1. The assignee of a Mexican title was not prohibited from
presenting his case to the land commissioners in his own name, and
where he was assignee of the whole claim, that was his proper
method of proceeding.
2. But where the land claimed was portioned out among many
vendees, the proper party to the proceeding was the original
grantee, who could produce the documents of title and who best knew
how to establish it.
Page 67 U. S. 611
3. Though the assignee of a portion of a claim is not absolutely
estopped by a decree of this Court adverse to the title under which
lie holds, he cannot expect to shake that decree without producing
new evidence which proves it to be erroneous.
4. The government cannot be required to give two patents for the
same land, one to the original claimant and the other to his
vendee.
5. Where the original Mexican grantee filed his petition for a
confirmation of the title, and several of his assignees petitioned
also for the confirmation of the parts conveyed to them, the
commissioners should have consolidated all the cases.

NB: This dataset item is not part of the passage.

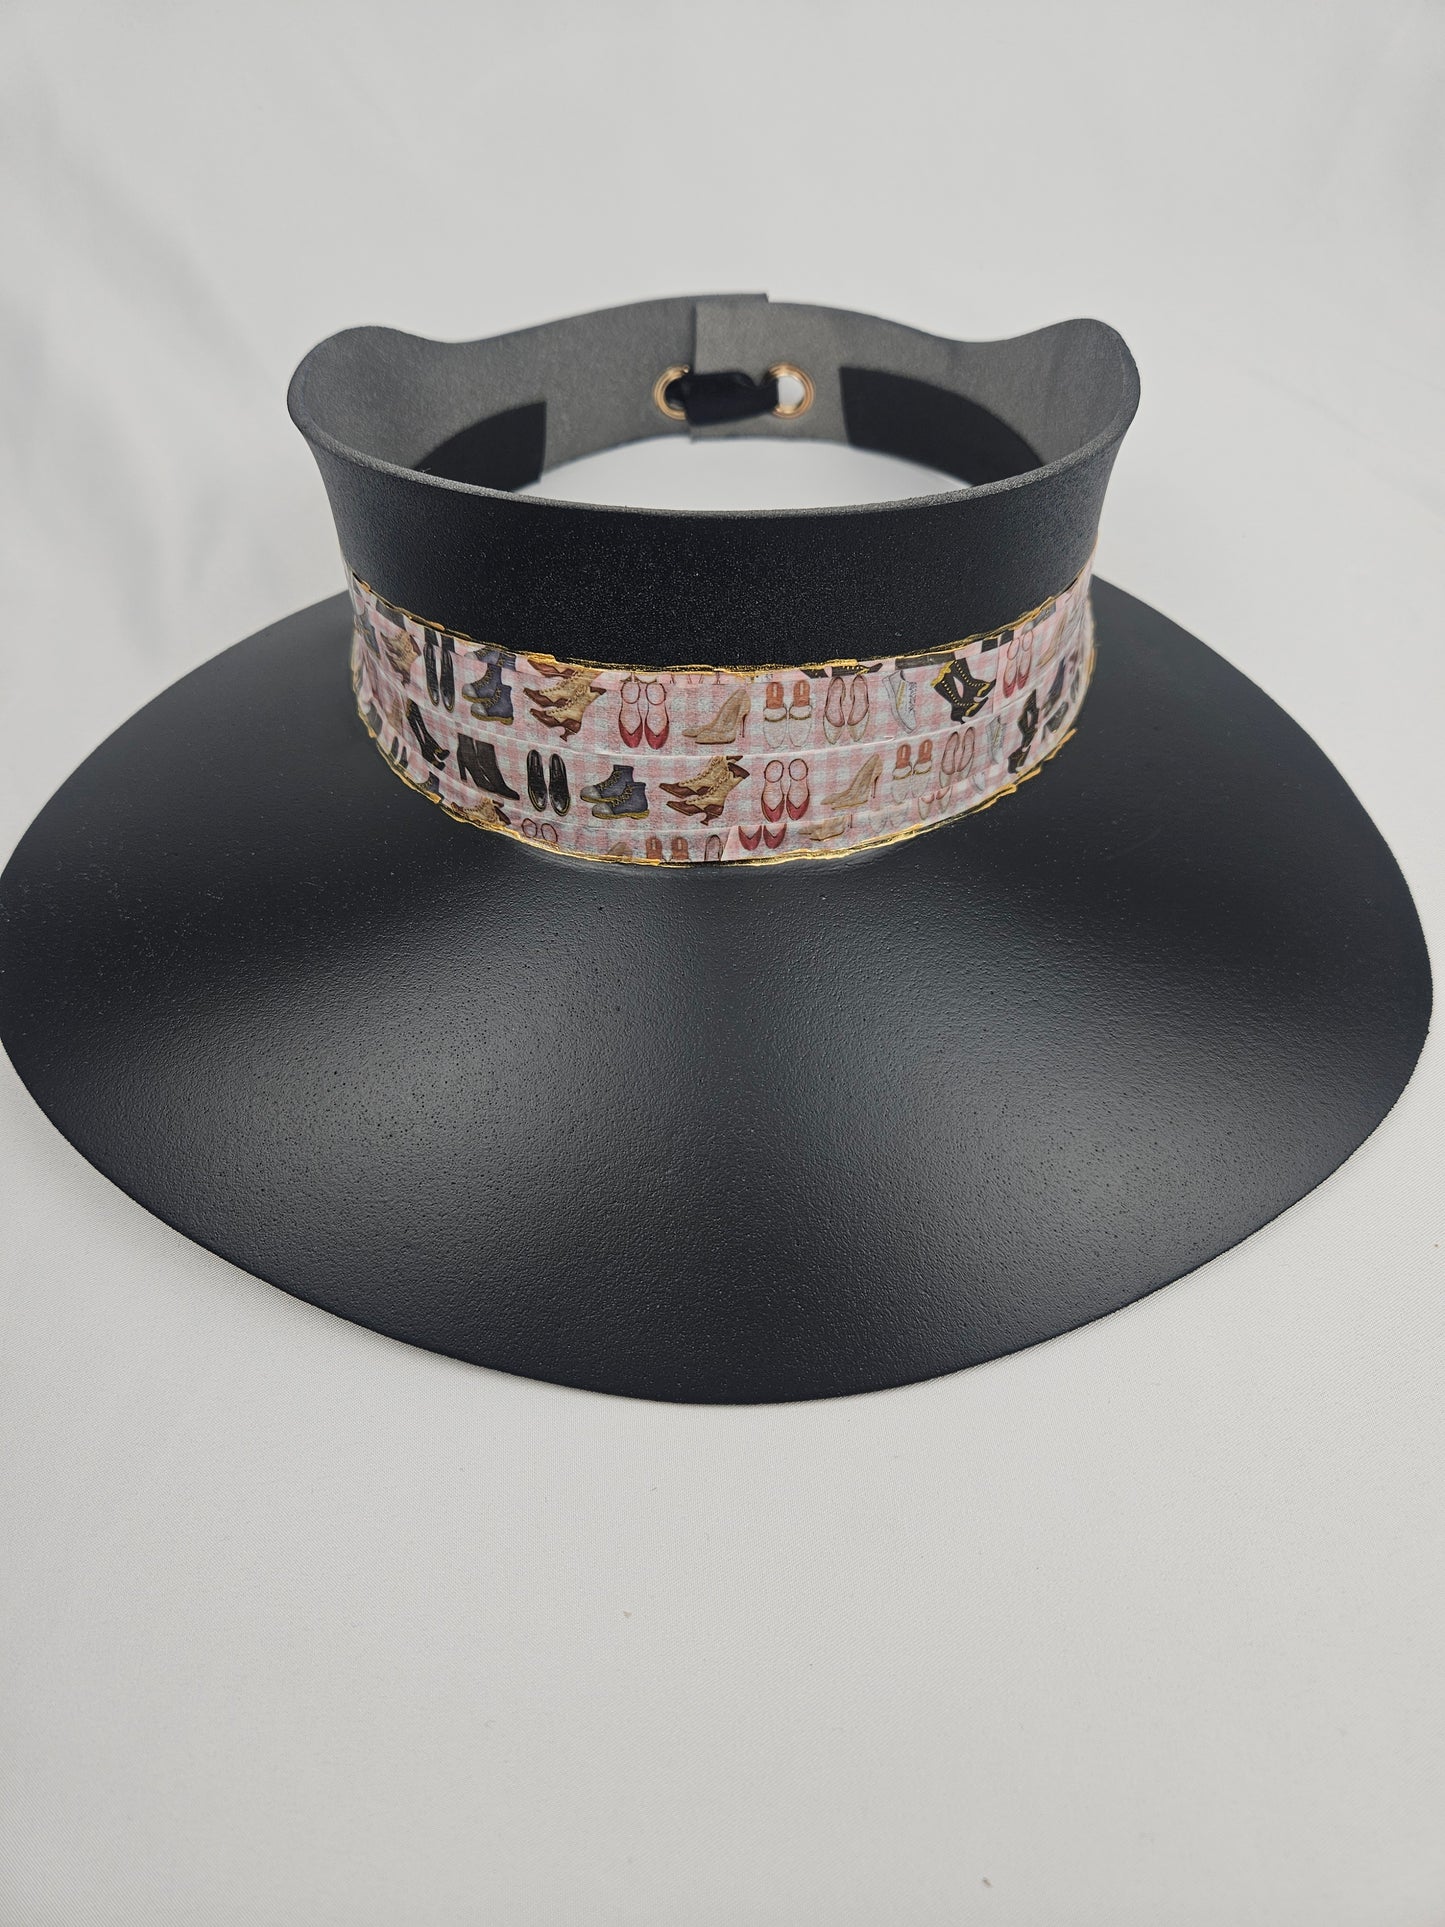 Timeless Black Audrey Foam Sun Visor Hat with Cute Shoe Themed Band: 1950s, Walks, Brunch, Tea, Golf, Wedding, Church, No Headache, Easter, Pool, Beach

6. It was their duty to establish the boundary as well as
validity of the Mexican grant as between the original grantee and
the government, but not to arbitrate the disputes of the several
assignees.
On the first of March, 1853, Hiram Grimes filed his petition in
the California Land Commission, on his own behalf and as executor
of Eliab Grimes, deceased, praying confirmation of a title to
certain lands derived from Mexico through and under John A. Sutter.
On the 15th of January, 1856, the land commissioners rejected the
claim, whereupon Grimes appealed to the district court. On the 6th
of March, 1857, that court made its decree reversing the decision
of the land commission and confirming the title. From this decree
the United States appealed. The facts necessary to an understanding
of the case are stated in the opinion of the Court.
MR. JUSTICE GRIER.
The petitioner is assignee of John A. Sutter "of a part of the
place called New Helvetia." Under this name, Sutter claimed title
to two several grants from the Mexican government -- one for eleven
leagues, granted to him by
Page 67 U. S. 612
Juan B. Alvarado on 18th of June, 1841, the other for twenty-two
leagues, called his "sobrante grant," purporting to be issued by
Micheltorena at Santa Barbara on the 5th of February, 1845. Many
persons had purchased portions of this great tract. A separate
application from each of those vendees to the commissioners for a
several confirmation of the portion assigned to him, would have
caused great expense, trouble and delay. Accordingly, Sutter very
properly filed his petition for the confirmation of these two
grants for the benefit of himself and his several assignees. His
title has been fully considered and decided by this Court.
See 62 U. S. 21
How. 178. The first grant of eleven leagues was adjudged valid, the
other was rejected. The patent to Sutter for the eleven leagues
will, of course, enure to the benefit of all his vendees. Those who
claim under the sobrante title will take nothing. Whether the
portions sold will be found within either or neither of these
grants to Sutter must depend upon surveys made or to be made since
the confirmation of his grant by this Court. It is true the
assignee of a Mexican title may present his case before the
commissioners, and where he is assignee of the whole claim, there
may be no impropriety in it. But if the land claimed has been
divided out among a thousand vendees, as in this case, the proper
party to the proceeding is the original grantee, who can produce
the documents of title and who best knows how to establish it. As
in the case of
Neleigh, 1
Black 298, who claimed a part of the grant to Castro, which had
been rejected by this Court, we may say that though the assignee is
not absolutely estopped by a decree of the court to which he was
not a party, yet as he has furnished no new evidence to show that
decree erroneous, he cannot expect the Court to change it. If any
part of the land for which he has petitioned is within the eleven
leagues, the patent which has or will be given to Sutter will
confirm his title, and further proceedings in this suit would be
wholly superfluous. The government cannot be required to give two
patents for the same land, one to the vendor and another to the
vendee. Where there are divers vendees under one original title and
the Mexican grantee has filed his petition before the commissioners
for a
Page 67 U. S. 613
confirmation of his title, and there are others, his assignees,
who have petitioned also, the commissioners should have
consolidated all the cases. The law does not require them to locate
the boundaries of the several grantees or settle any disputes
between them or to give a thousand different patents to every
several claimant of a town lot. It is their duty to establish the
boundary as well as validity of the Mexican grant as between him
and the government, and not to arbitrate the disputes of the
several assignees.
The court below confirmed the whole claim of the petitioner
because it was within the thirty-three leagues which they had
already confirmed to Sutter. But as that judgment was reversed as
to twenty-two leagues, the judgment in this case must have the same
course. If any portion of his claim be found within the eleven
leagues, he needs no further title; if it does not, he can have
none.
The judgment and decree of the court below is
reversed.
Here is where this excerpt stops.